### Available data:
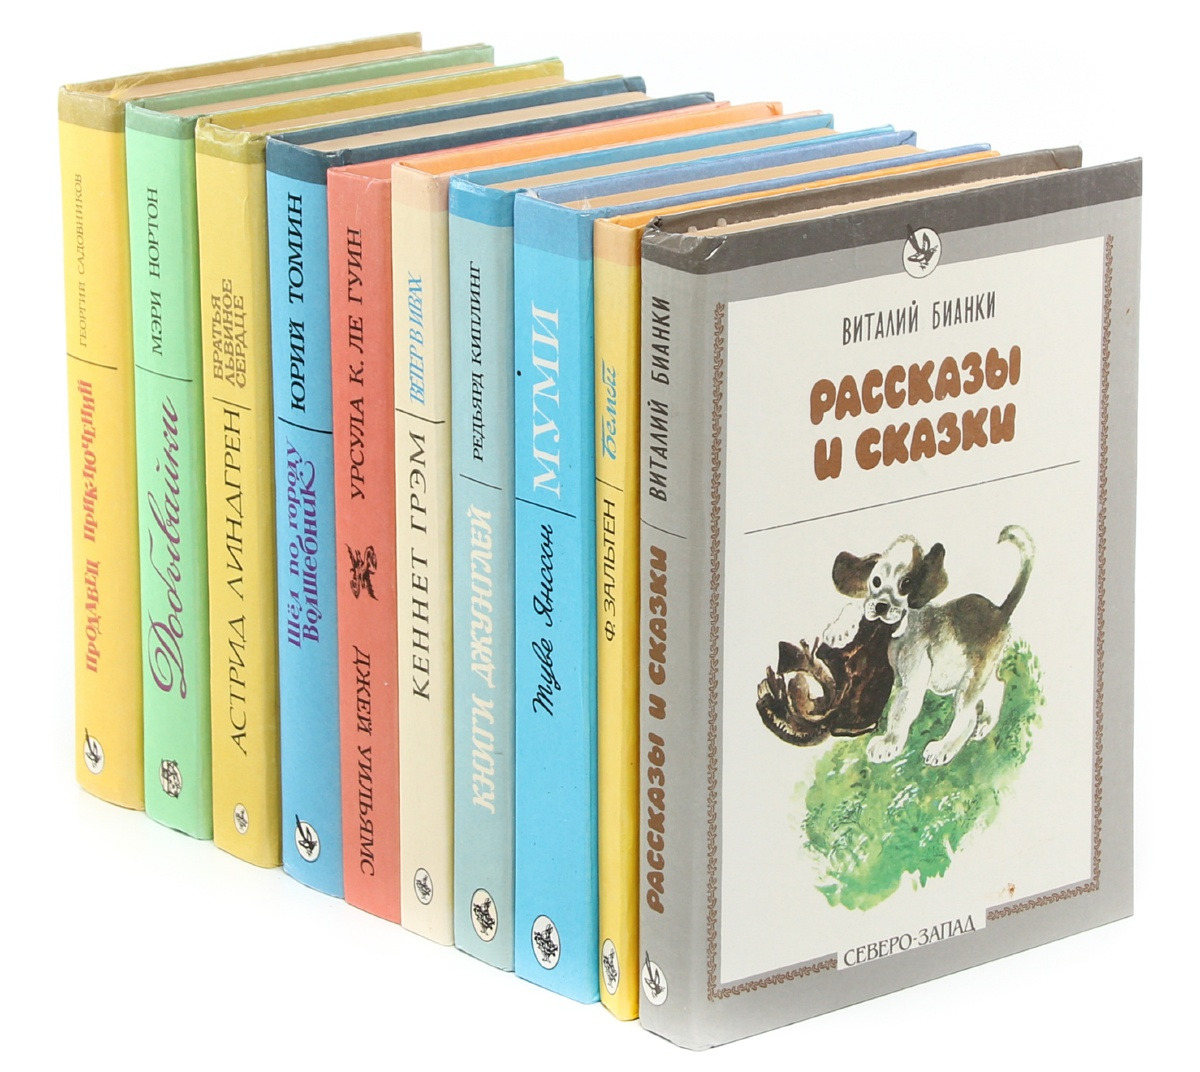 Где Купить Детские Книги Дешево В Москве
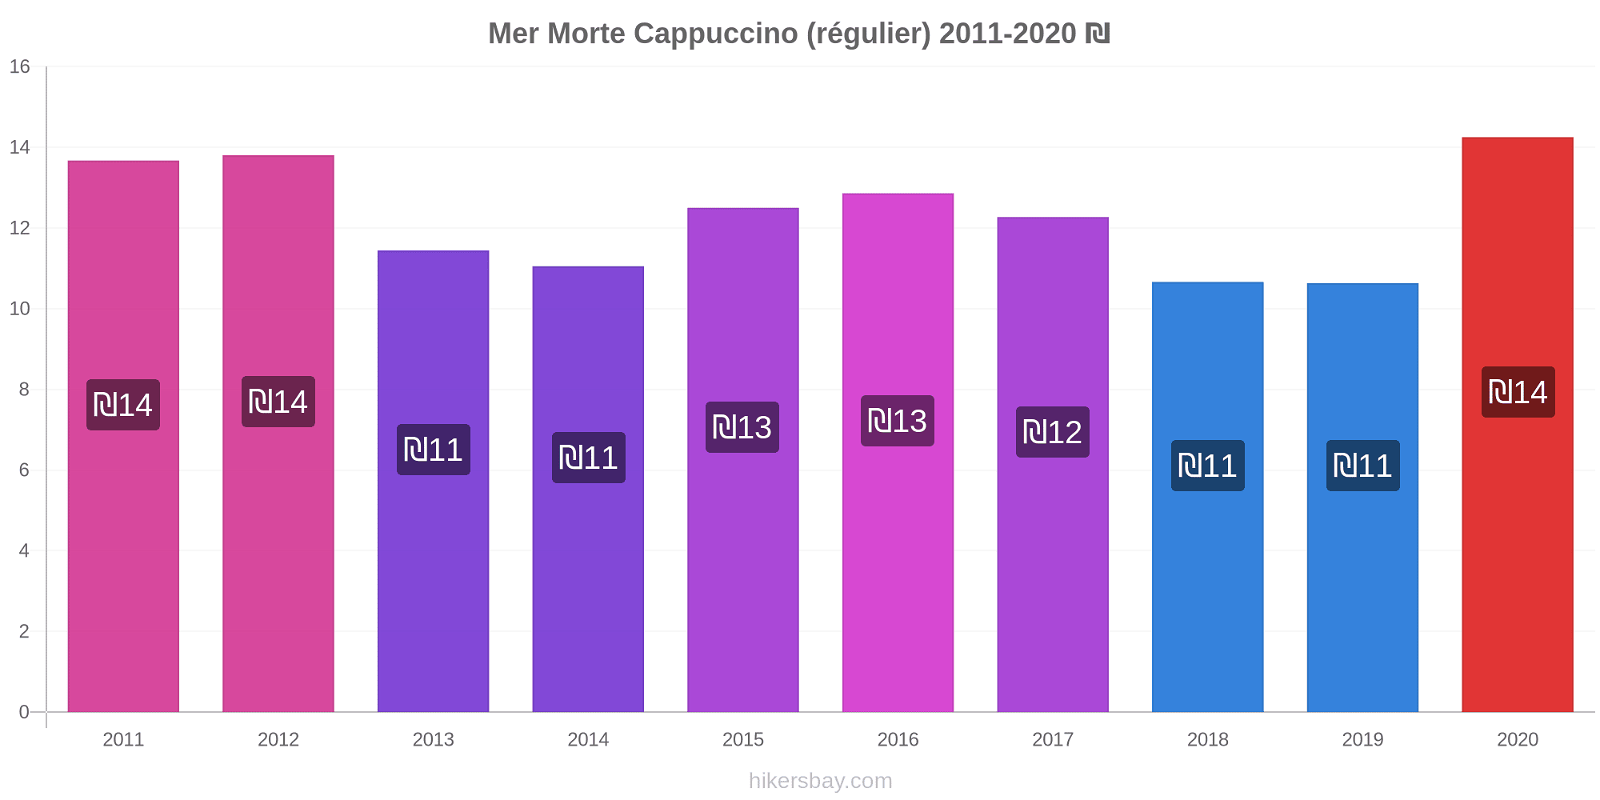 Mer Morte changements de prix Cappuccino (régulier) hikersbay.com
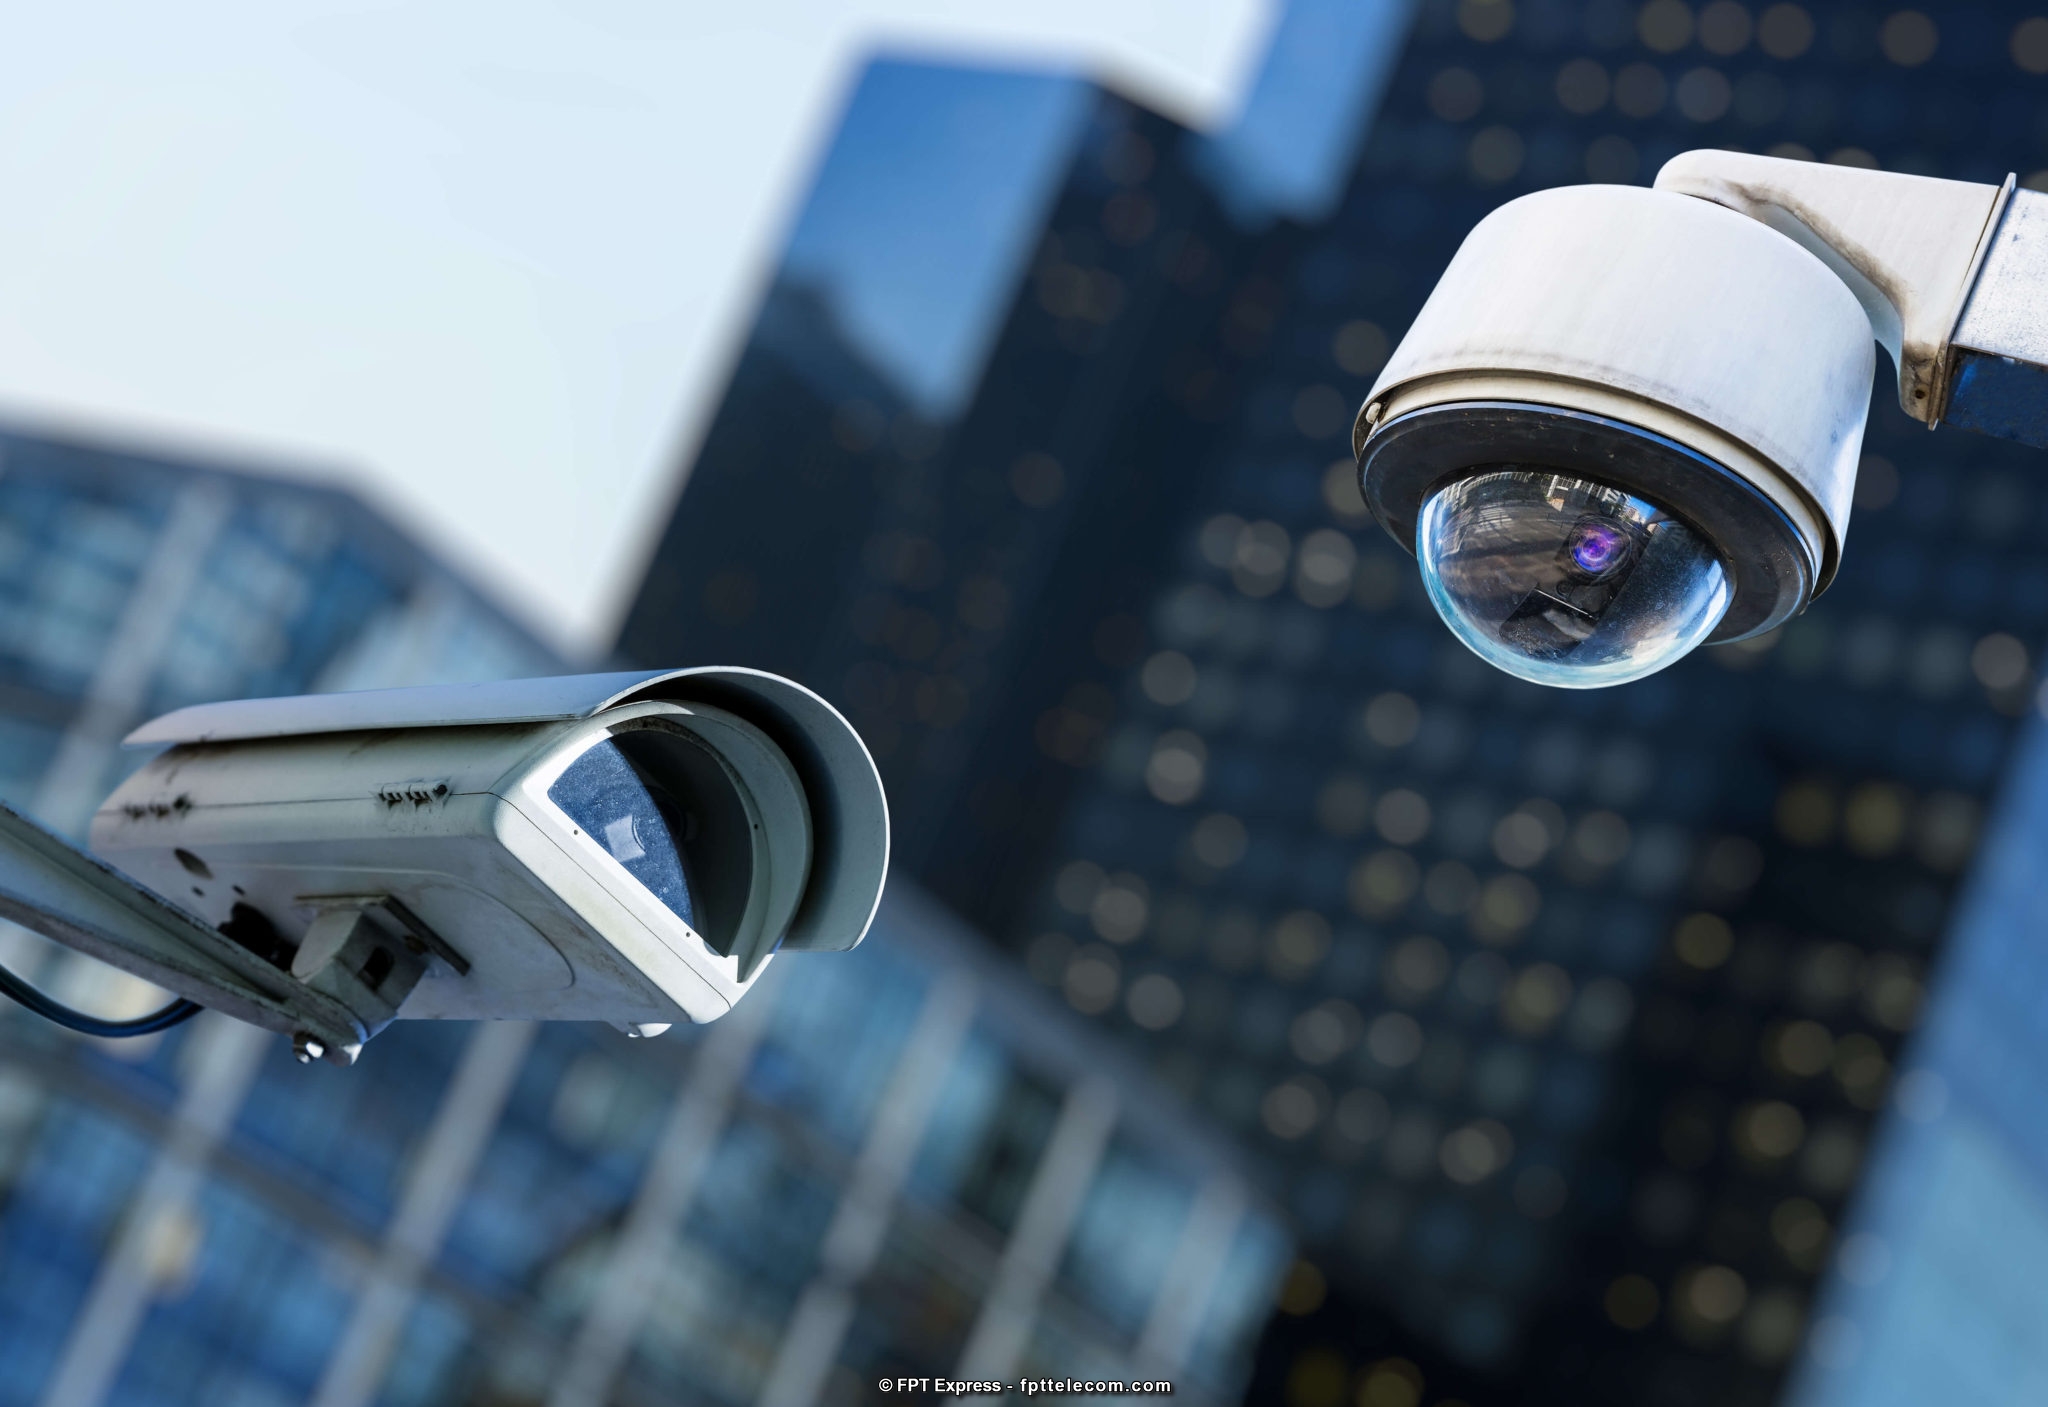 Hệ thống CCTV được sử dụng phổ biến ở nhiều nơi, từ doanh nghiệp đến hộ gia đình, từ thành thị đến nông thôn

### Work required:
The whole listing above is to be repeated exactly, apart from its pictures.

### Your response:
 Где Купить Детские Книги Дешево В Москве
 Mer Morte changements de prix Cappuccino (régulier) hikersbay.com
 Hệ thống CCTV được sử dụng phổ biến ở nhiều nơi, từ doanh nghiệp đến hộ gia đình, từ thành thị đến nông thôn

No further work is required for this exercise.